The classic russet potato — the potato that put Idaho on the map — is pretty much used for frying or baking, he said. And in North Carolina, Frito Lay has developed its own variety of potato that it uses exclusively for all its products.
"They're really not a good potato — like, if you wanted to take one and bake it," Fleetwood said. "It really doesn't work well for that."
According to the Washington State Potato Commission, russet potatoes are suitable for baking, mashing and frying because of their high starch content. This means that during the cooking process, the potato absorbs the internal moisture as it cooks, expanding into fluffy granules that create fluffy baked potatoes.

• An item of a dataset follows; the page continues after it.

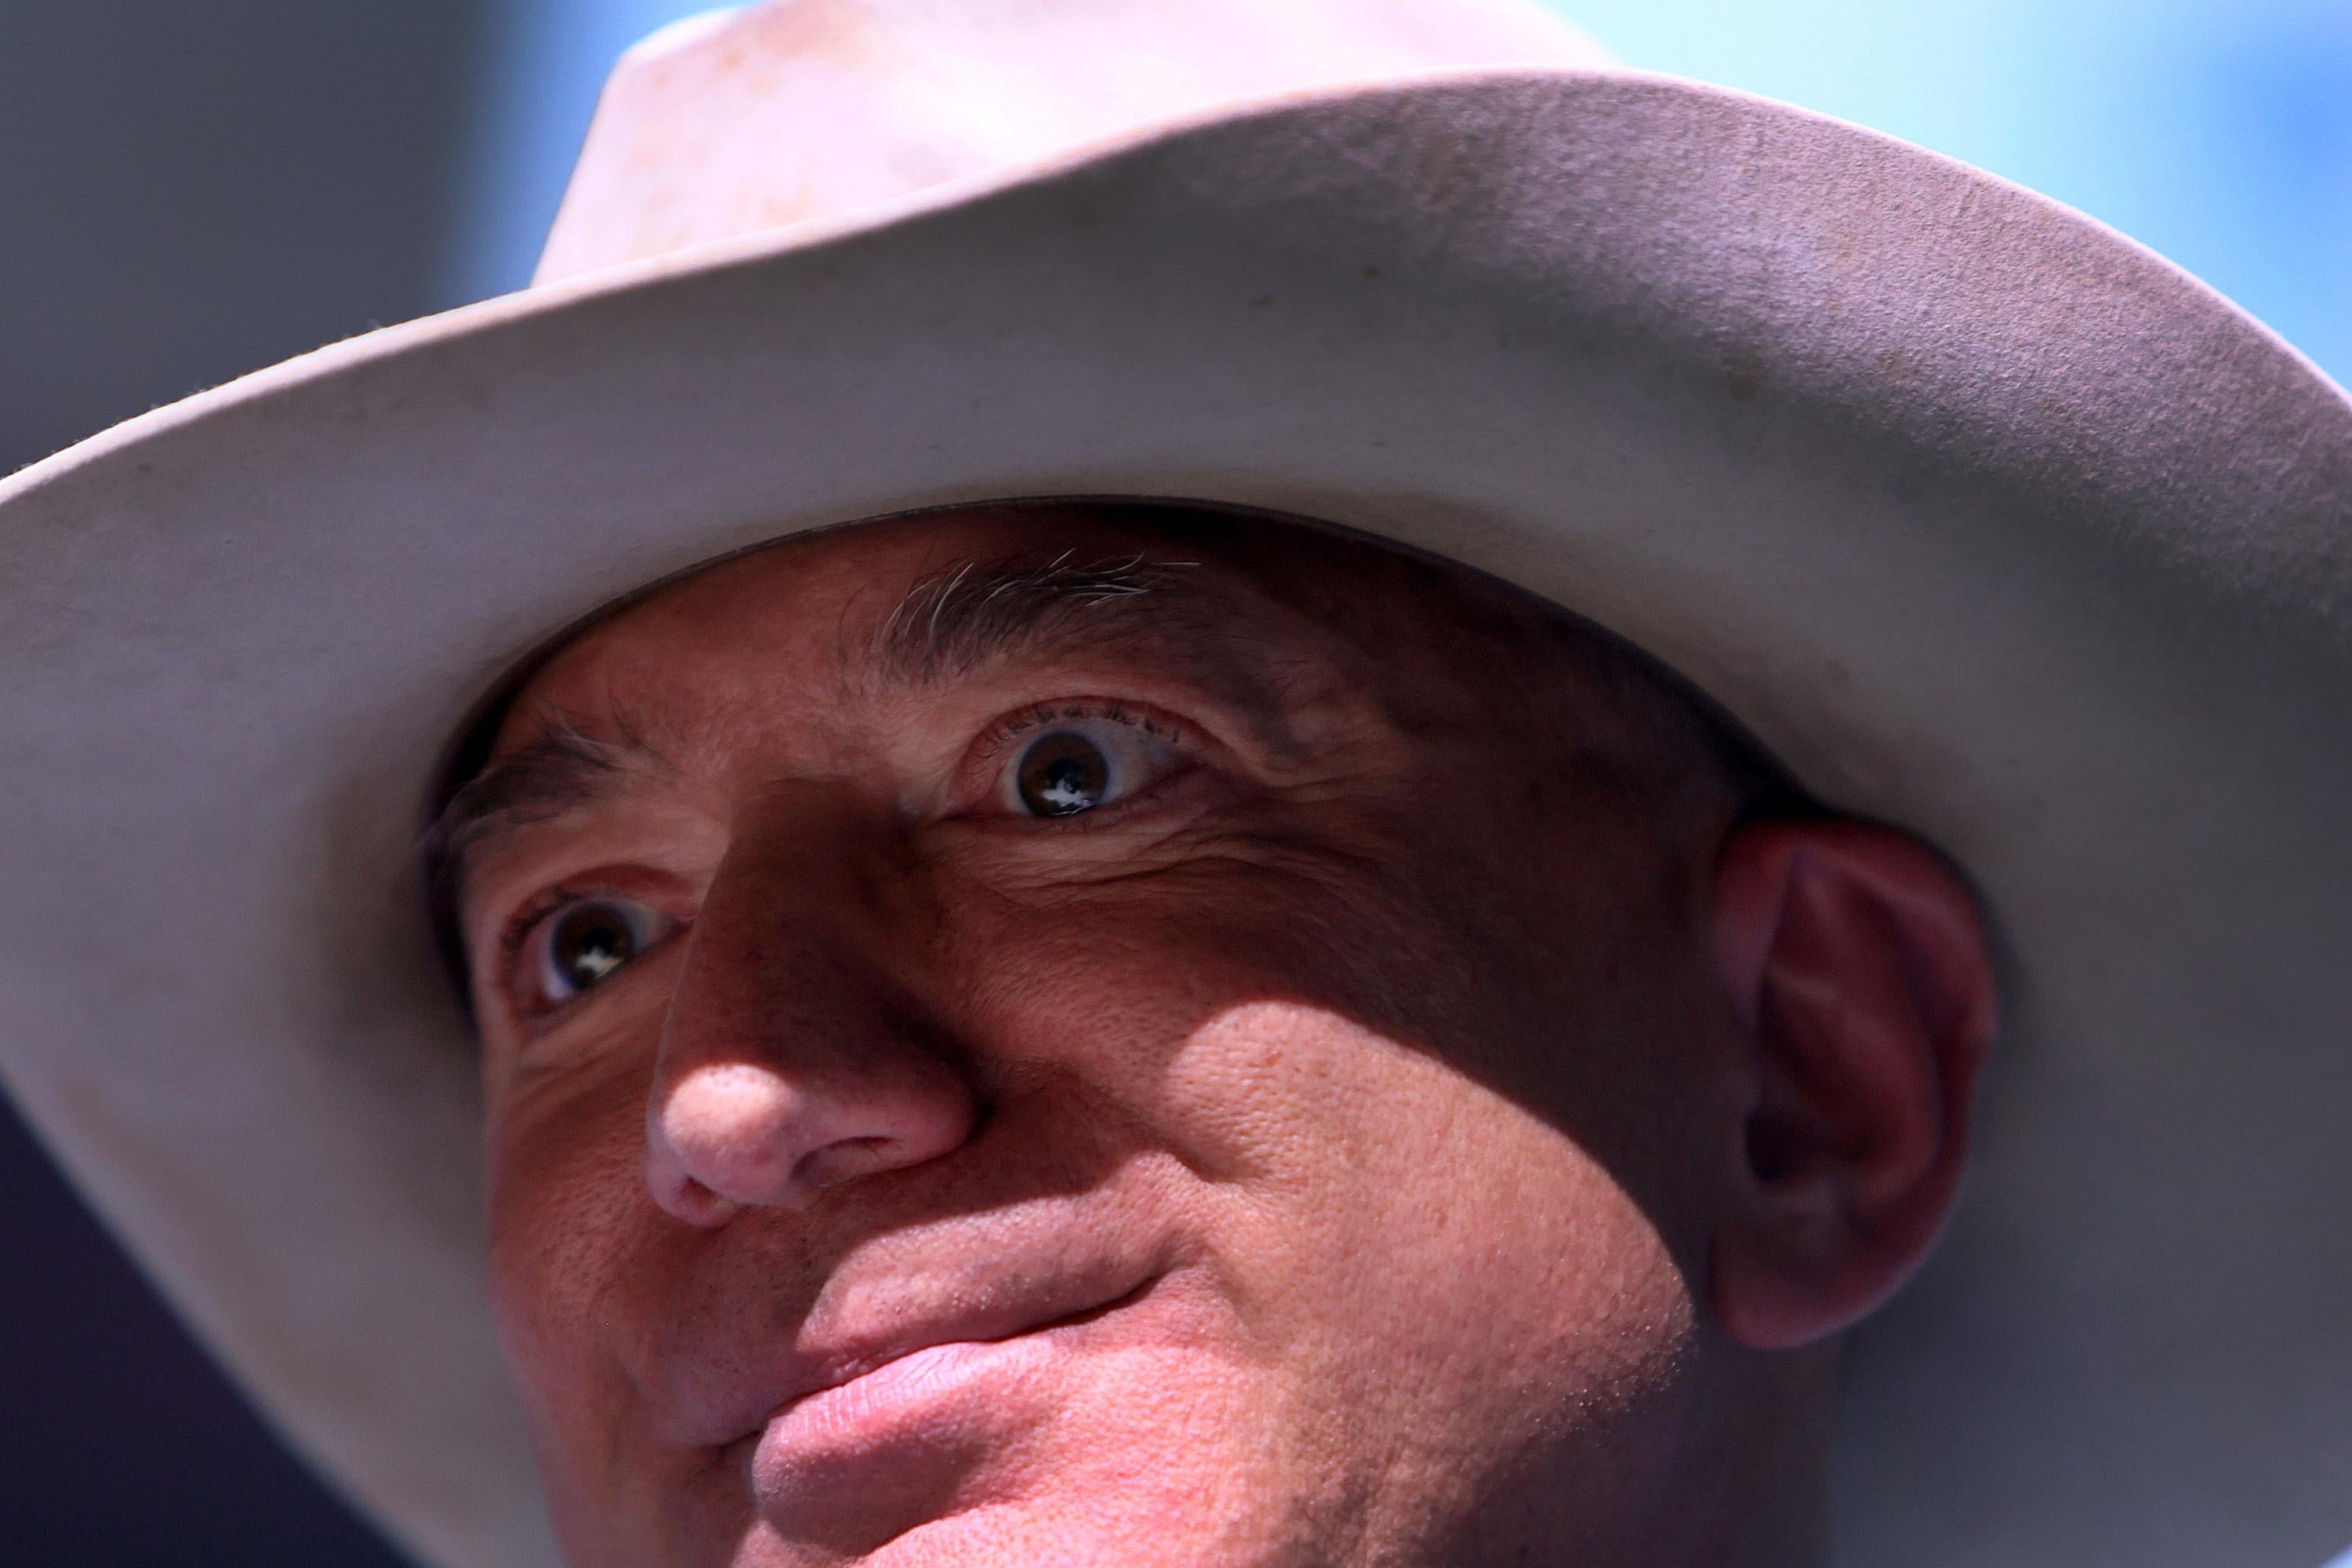 An extreme close-up of Jeff Bezos with his eyes very wide open.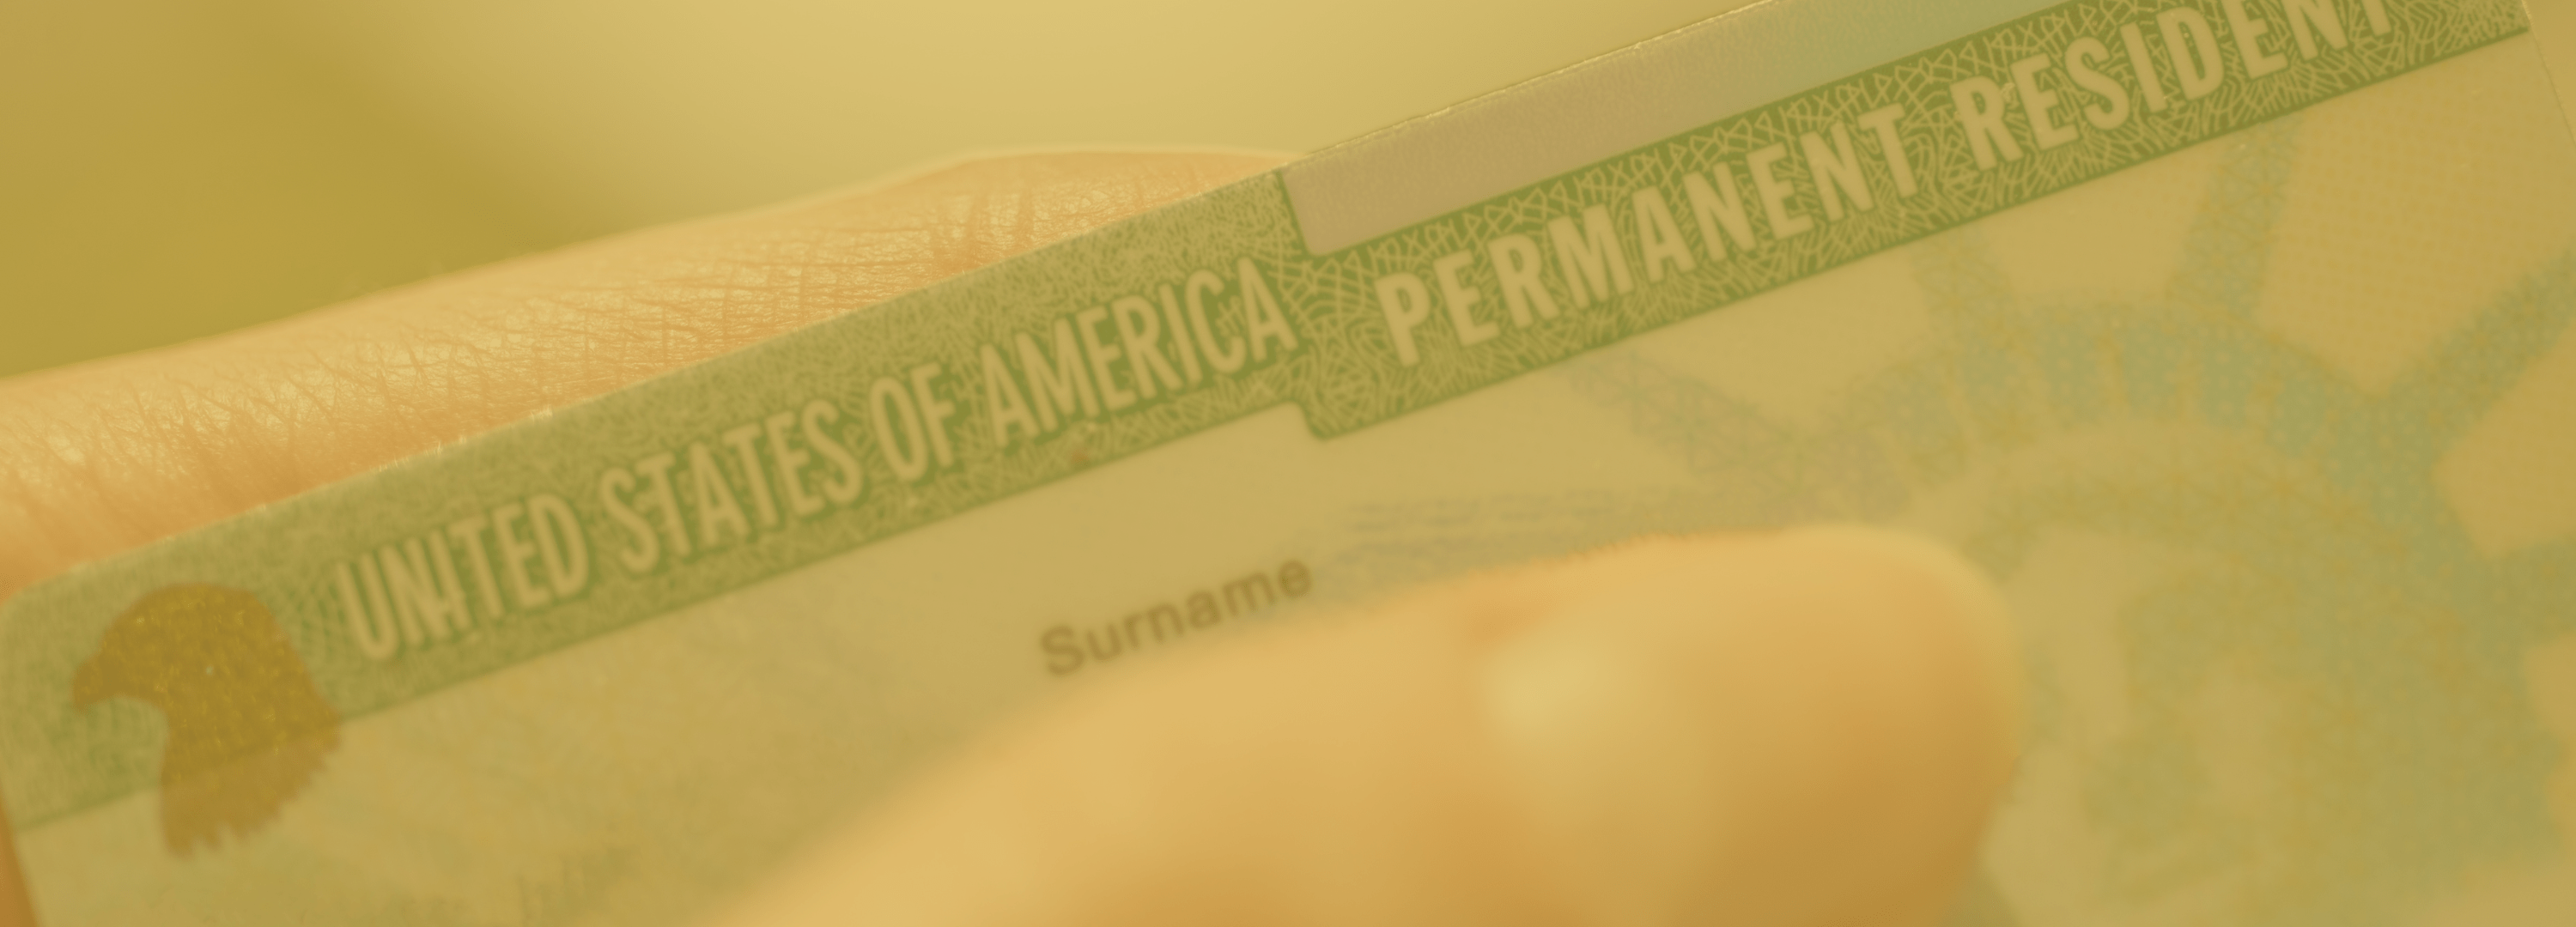 YES, YOU CAN GET A GREEN CARD WITHOUT HAVING A US CITIZEN FAMILY MEMBER

White and yellow potatoes are good all-purpose potatoes, with low to medium starch content. With these potatoes, though, a rule of thumb for their use is to prepare them in dishes that require the potato to hold its shape through the cooking process.
But have you ever tried to make french fries out of a red potato? The result is a limp stick of a fry.
Because red potatoes have a high moisture content, it turns to steam as the potato cooks.
And new potatoes? Those are just freshly harvested, tiny potatoes of any variety, according to the Washington State Potato Commission. These are best used right after they are harvested — boiled, steamed or roasted.
McMullan agreed that yellow-skinned potatoes are good, all-around potatoes; the variety he grows is called the yellow German. He also grows red skinned and a lesser-known variety called a rose gold.
"A red potato's OK. It's just consumer demand. The yellow German is known as the brandywine (tomato) of the potato family," he said while scrubbing dirt from some fresh-picked potatoes.
But it's the rose gold that the customers seem to crave.
"It's one of only two potatoes in the world with a red outside and a yellow inside," he said. "I sell way more of those than anything else."
Which brings us to McMullan's main point: As long as you have a quality potato, it will taste good any way you cook it.
"Each potato has its own special, unique characteristics that can be used in different ways," McMullan said. "Some make a better potato salad than others, some are dryer, (some are) moister. But if you start with a good potato, it doesn't matter what your recipe is."